* **Assigned task**:
From the material below, set down exactly the lines that run from the one containing "Female Dressmaker With" to the one containing "New Taipei as", minus the pictures.

* **Dataset excerpts**:
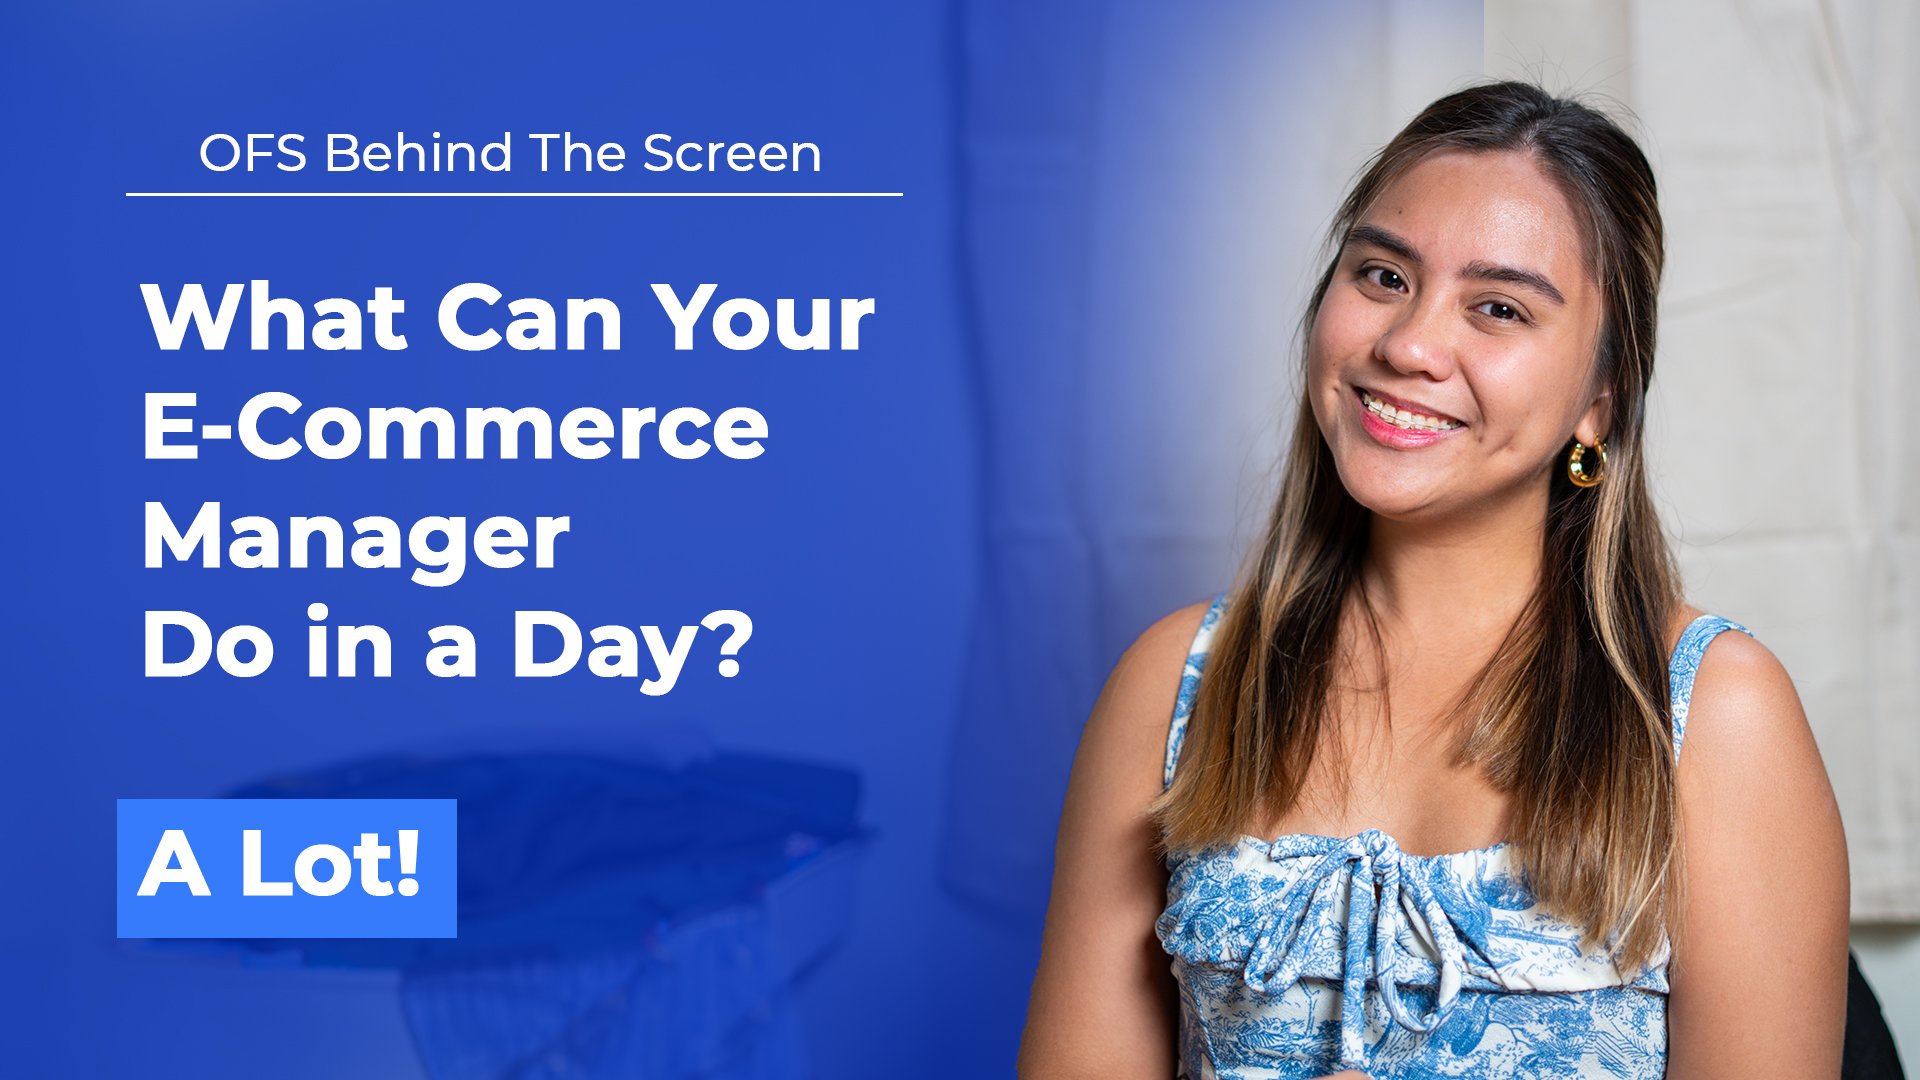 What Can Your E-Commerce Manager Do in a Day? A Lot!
...
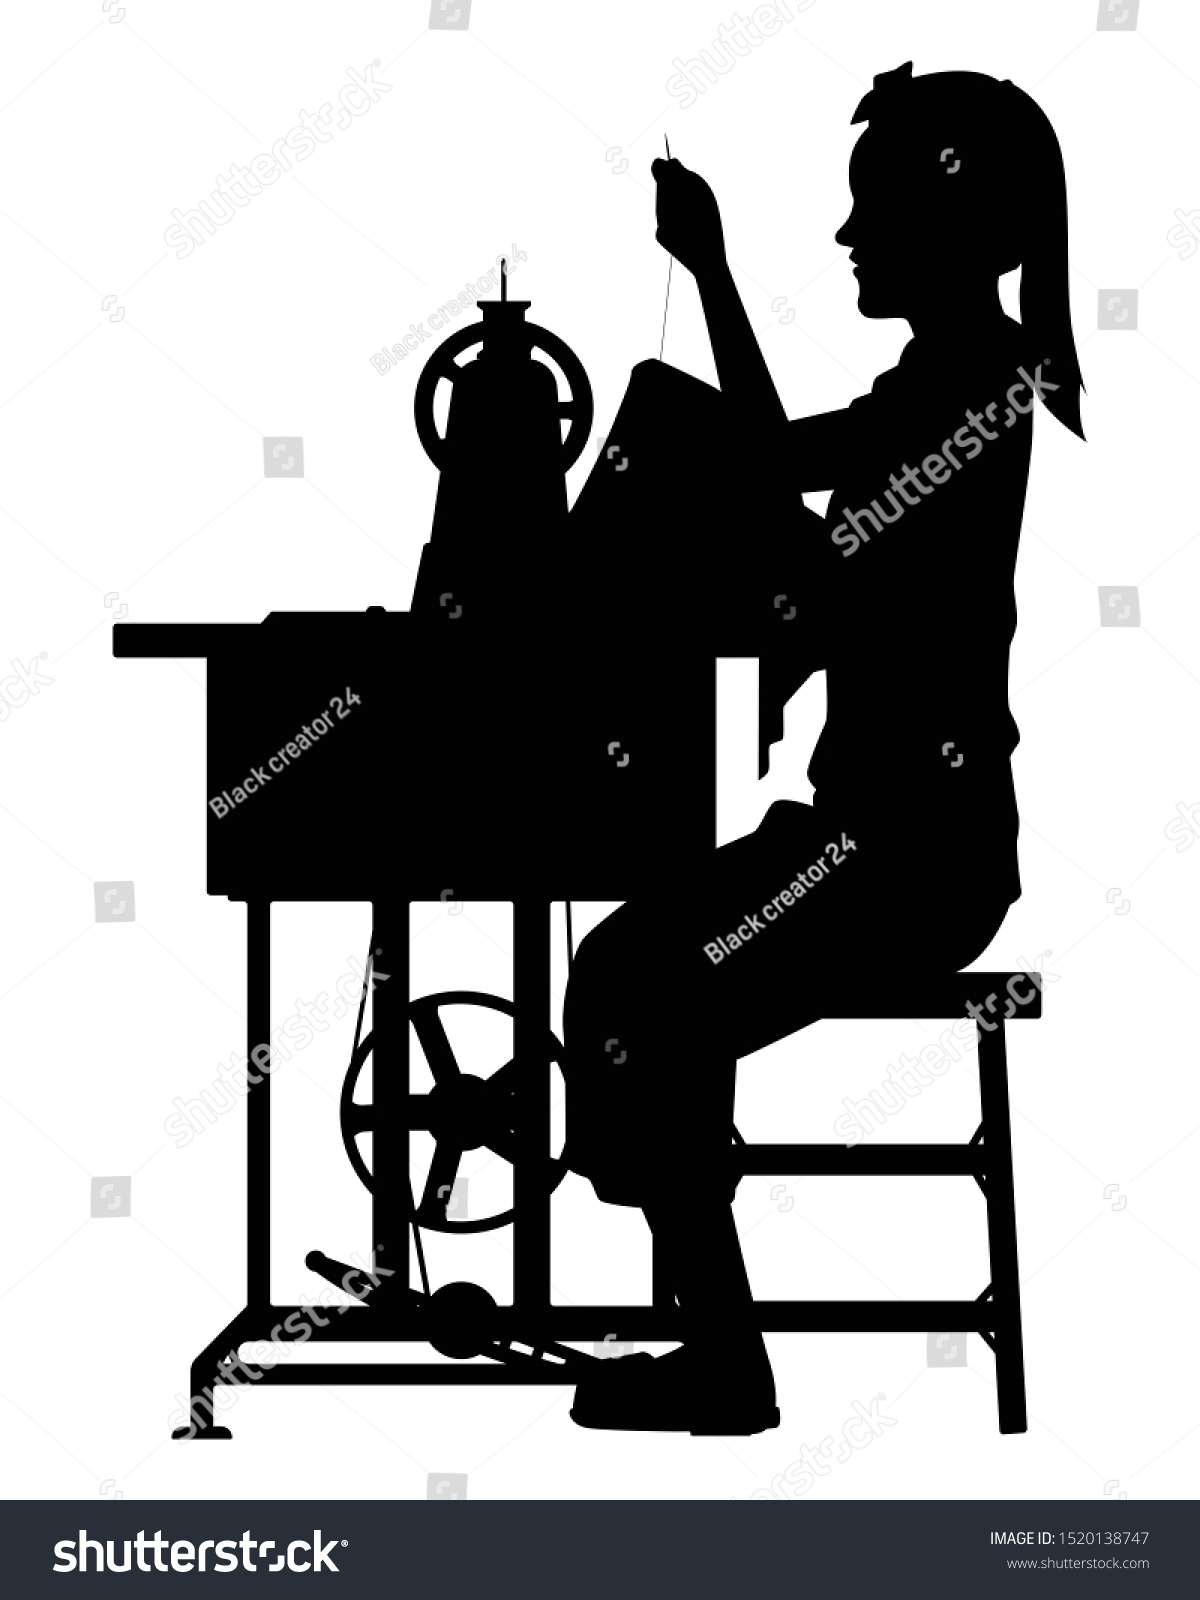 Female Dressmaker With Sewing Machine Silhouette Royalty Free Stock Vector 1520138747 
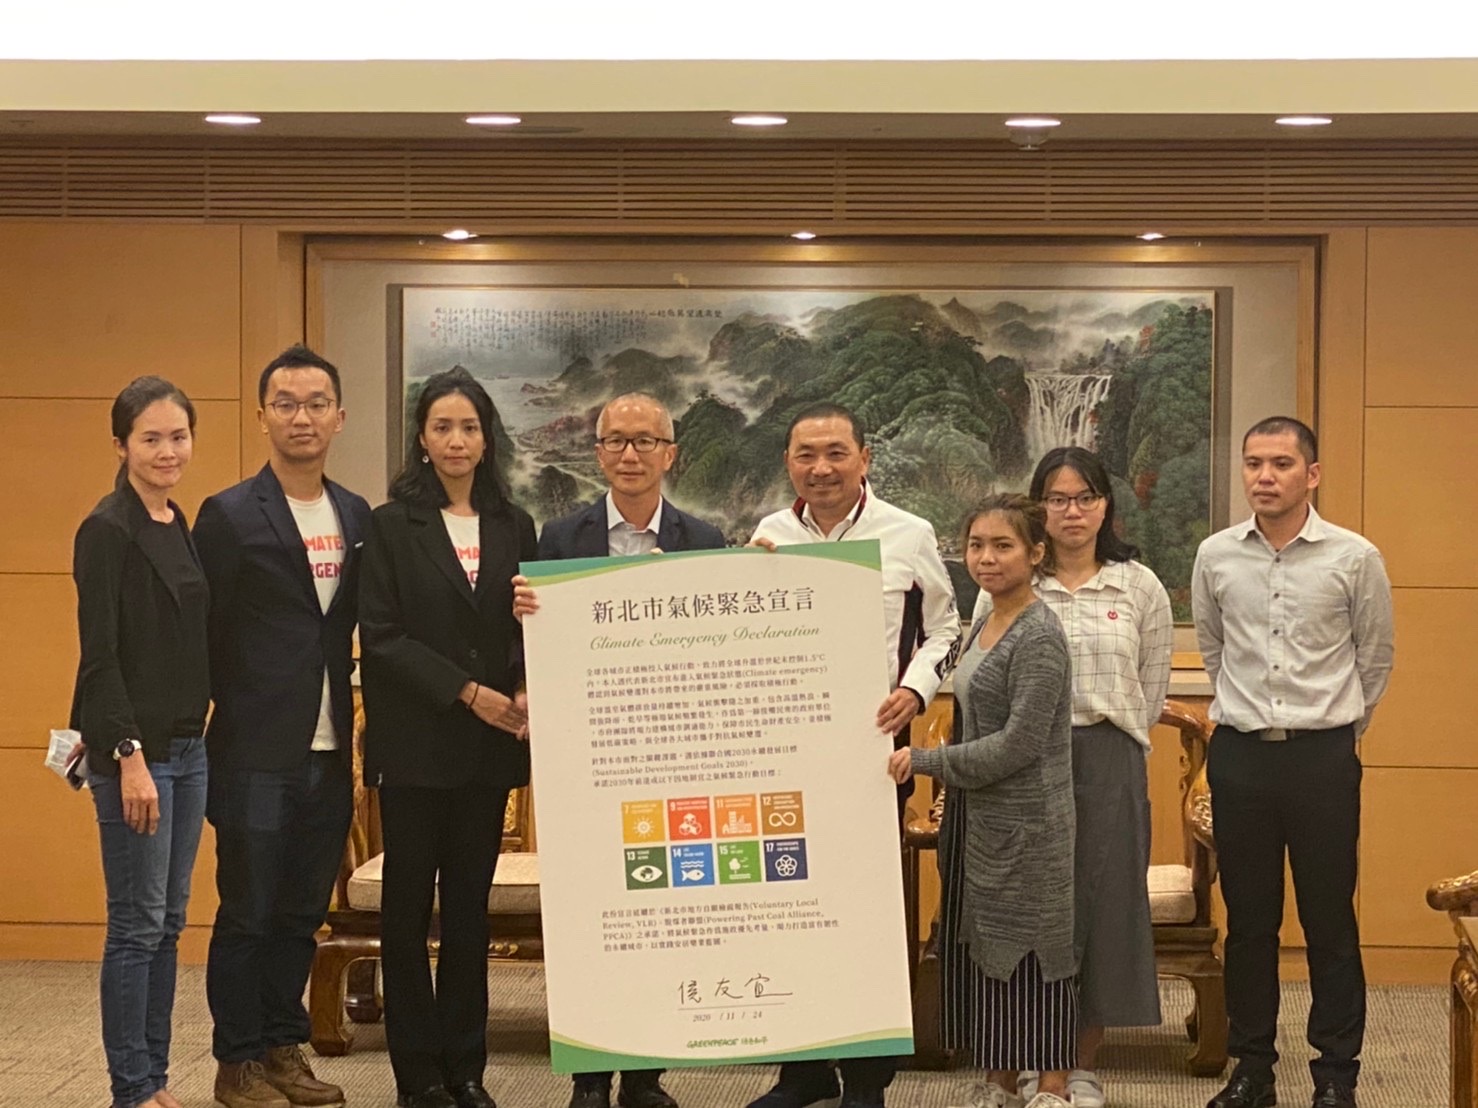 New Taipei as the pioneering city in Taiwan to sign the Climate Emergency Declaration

* **Answer to this problem**:
 Female Dressmaker With Sewing Machine Silhouette Royalty Free Stock Vector 1520138747 
 New Taipei as the pioneering city in Taiwan to sign the Climate Emergency Declaration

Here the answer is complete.